O último curta da Mostra PE é outra adaptação da obra de Raimundo Carrero. “Minha alma é irmã de Deus”, de Luci Alcântara, teve ajuda do próprio autor na construção do roteiro. Diferente do filme anterior, “Minha alma (…)” não transcende o mediano. A história é sobre Camila, uma mulher que é, na verdade, muitas; uma completamente diferente da outra. O filme é ambientado no Recife suburbano, com seus crentes, suas putas, sua realidade peculiar. É pena que a adaptação não faça jus a essas características. O primeiro problema está em colocar não-atores bem conhecidos da cena local, como os músicos da Bande Ciné, Isaar e Roger de Renor, para fazerem papéis de uma realidade que nitidamente não é a deles. Há a tentativa de compor uma atmosfera, mas todos os elementos fluem em direção a outra. Torna-se impossível para quem é de Recife não fazer a ligação com a cena alternativa da cidade. A trilha sonora também demonstra esse distanciamento: as músicas remetem a um universo totalmente distante daquele que o filme pretende abordar. A adaptação, muito literária, atrapalha consideravelmente o elenco na interpretação, resultando numa falta de empatia entre os personagens e o público — a atriz Fabiana Pyrro ainda consegue se destacar dos demais, mas mesmo assim não causa grande impacto. A fotografia também é uma ode ao afastamento; os planos abertos, sempre distantes das personagens, nos causam a sensação que o distanciamento está na própria direção.
Políticas e politicagem
O brasileiro tem uma veia festiva pulsando incessantemente — não importa por quais razões, apenas comemoramos. Até questões que deveriam ter uma outra abordagem terminam virando festa. Eleições são o exemplo maior de como a política é encarada no país. Verdadeiros circos são armados para atrair a população; é só um político lançar candidatura que começam as inaugurações de obras (nem sempre acabadas), os comícios, as promessas, os shows de Zezé de Camargo e Luciano. Se as metrópoles não conseguem se livrar dessa movimentação, nos interior ela parece ser ainda mais intensa.
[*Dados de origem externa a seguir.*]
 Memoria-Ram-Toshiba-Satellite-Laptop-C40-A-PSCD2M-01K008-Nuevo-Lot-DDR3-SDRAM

Ao menos sob o olhar de Marcelo Brennand, que buscando entender o funcionamento desse momento político, resolveu acompanhar as candidaturas a vereadores e prefeito da cidade de Gravatá, interior do estado de Pernambuco. O filme “Porta a porta: Uma política em dois tempos” mostra como a relação entre pessoas e candidatos é mais próxima no interior; eles visitam seus eleitores em casa e o convencimento é feito diretamente, sem intermédios. A política para essas pessoas é um método concreto de auxílio para sua comunidade — e para si mesmos, claro. Predominando o assistencialismo, a população elege seus preferidos de acordo com as garantias que irá receber pós-eleição, como empregos ou mesmo uma ajuda para terminar a casa. A cidade inteira tem um lado, uma predileção, absolutamente ninguém fica de fora. Como em uma grande festa.
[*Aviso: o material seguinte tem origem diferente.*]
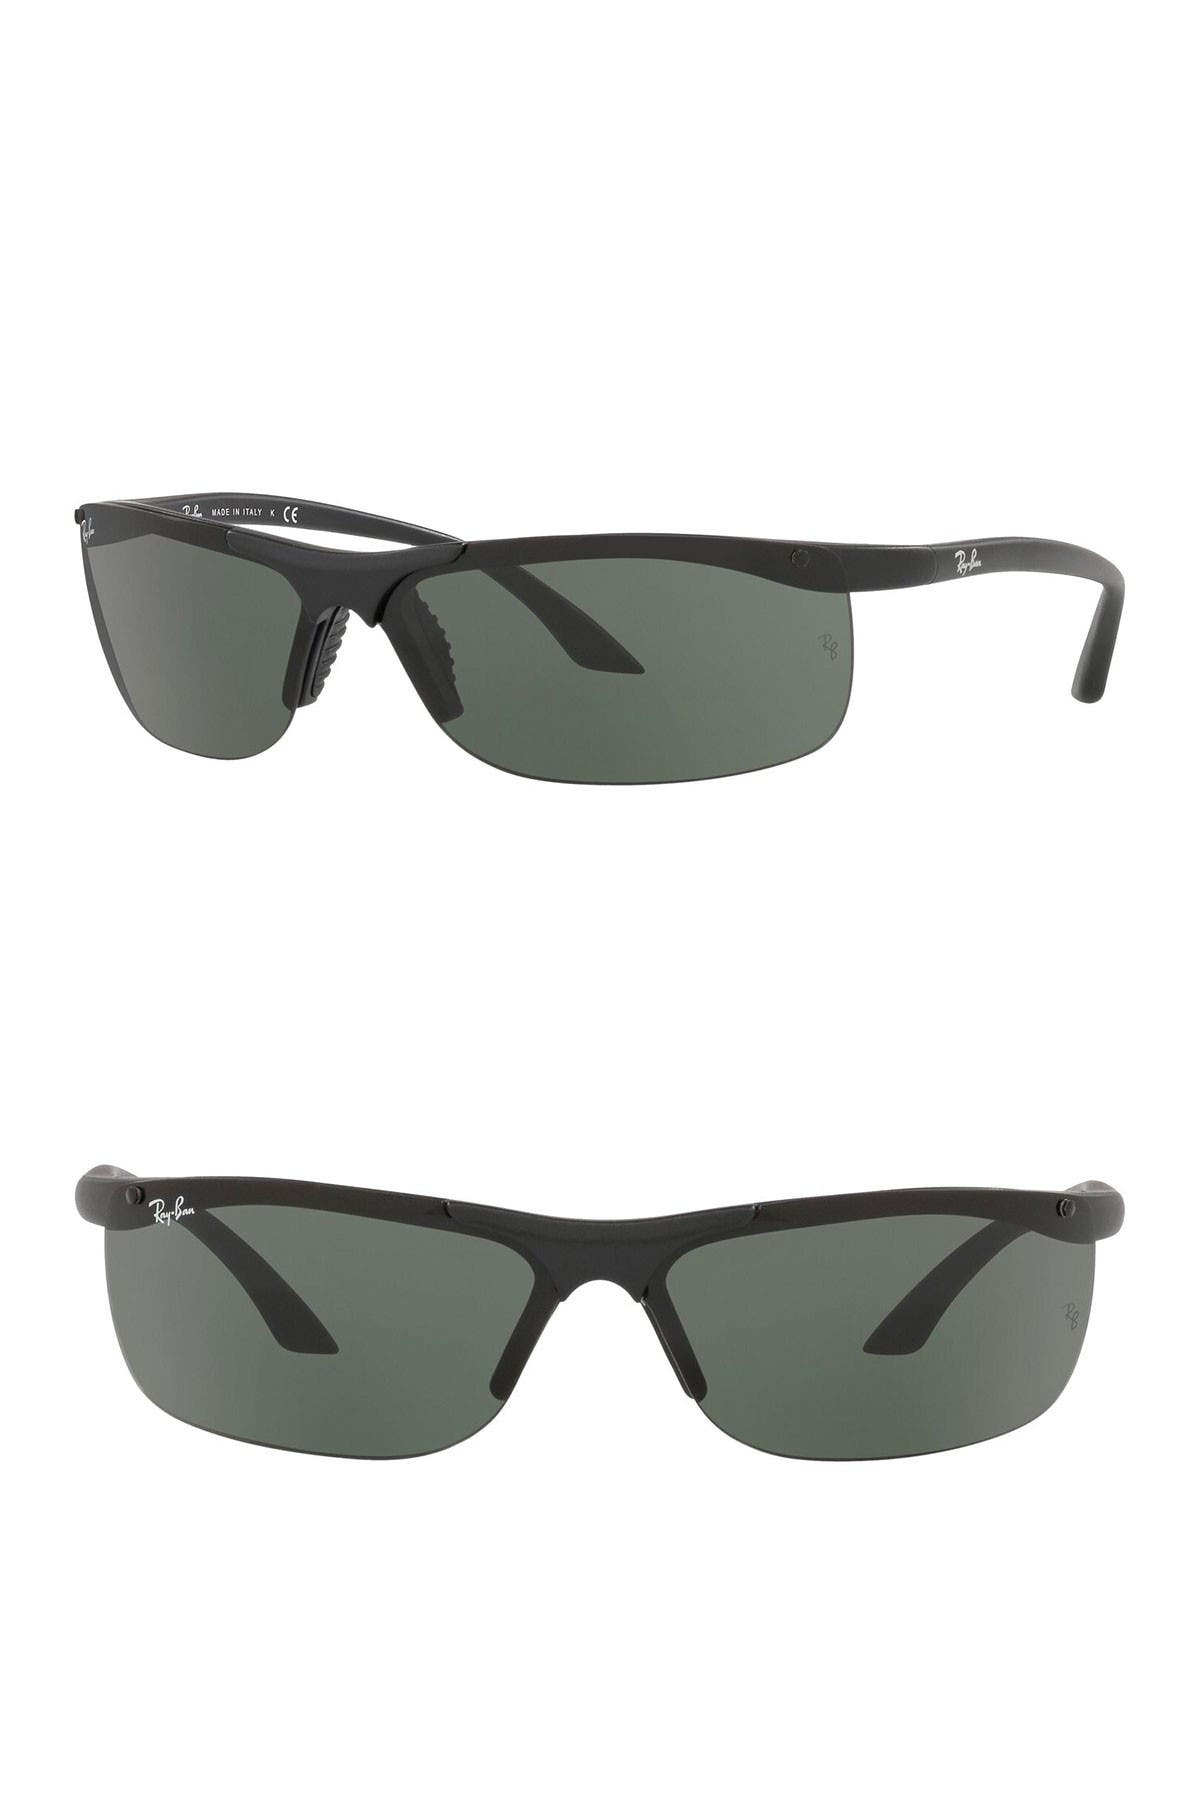 Image of Ray-Ban 68mm Rectangular Sunglasses

O mérito do longa é ter conseguido tratar do tema sem vilanizar os canditados, nem mostrar o povo como coitadinho. É um jogo de interesses, somente, e o diretor é simples observador. Mas Marcelo se utiliza de comentários em off em alguns momentos. Isso acaba causando certo estranhamento por parecer uma mudança de postura do diretor, que até então se mantinha como terceira pessoa. Um detalhe que até facilita na compreensão, mas subestima a capacidade de entendimento do espectador através das imagens.
Somos constantemente apresentados a novas personagens no decorrer do filme. E como a ordem dos fatos não é cronológica, vamos montando sem previsibilidade o quebra-cabeças do “antes e depois” de grande parte dessas personagens. E ao final, não fica claro se é um sentimento do diretor, das personagens, ou de ambos, mas o filme caminha para uma frustração geral. Cada militante, cada cabo eleitoral, cada vereador e prefeito não eleito volta ao mundo real, onde a única ideologia é sobreviver como pode. Até as próximas eleições.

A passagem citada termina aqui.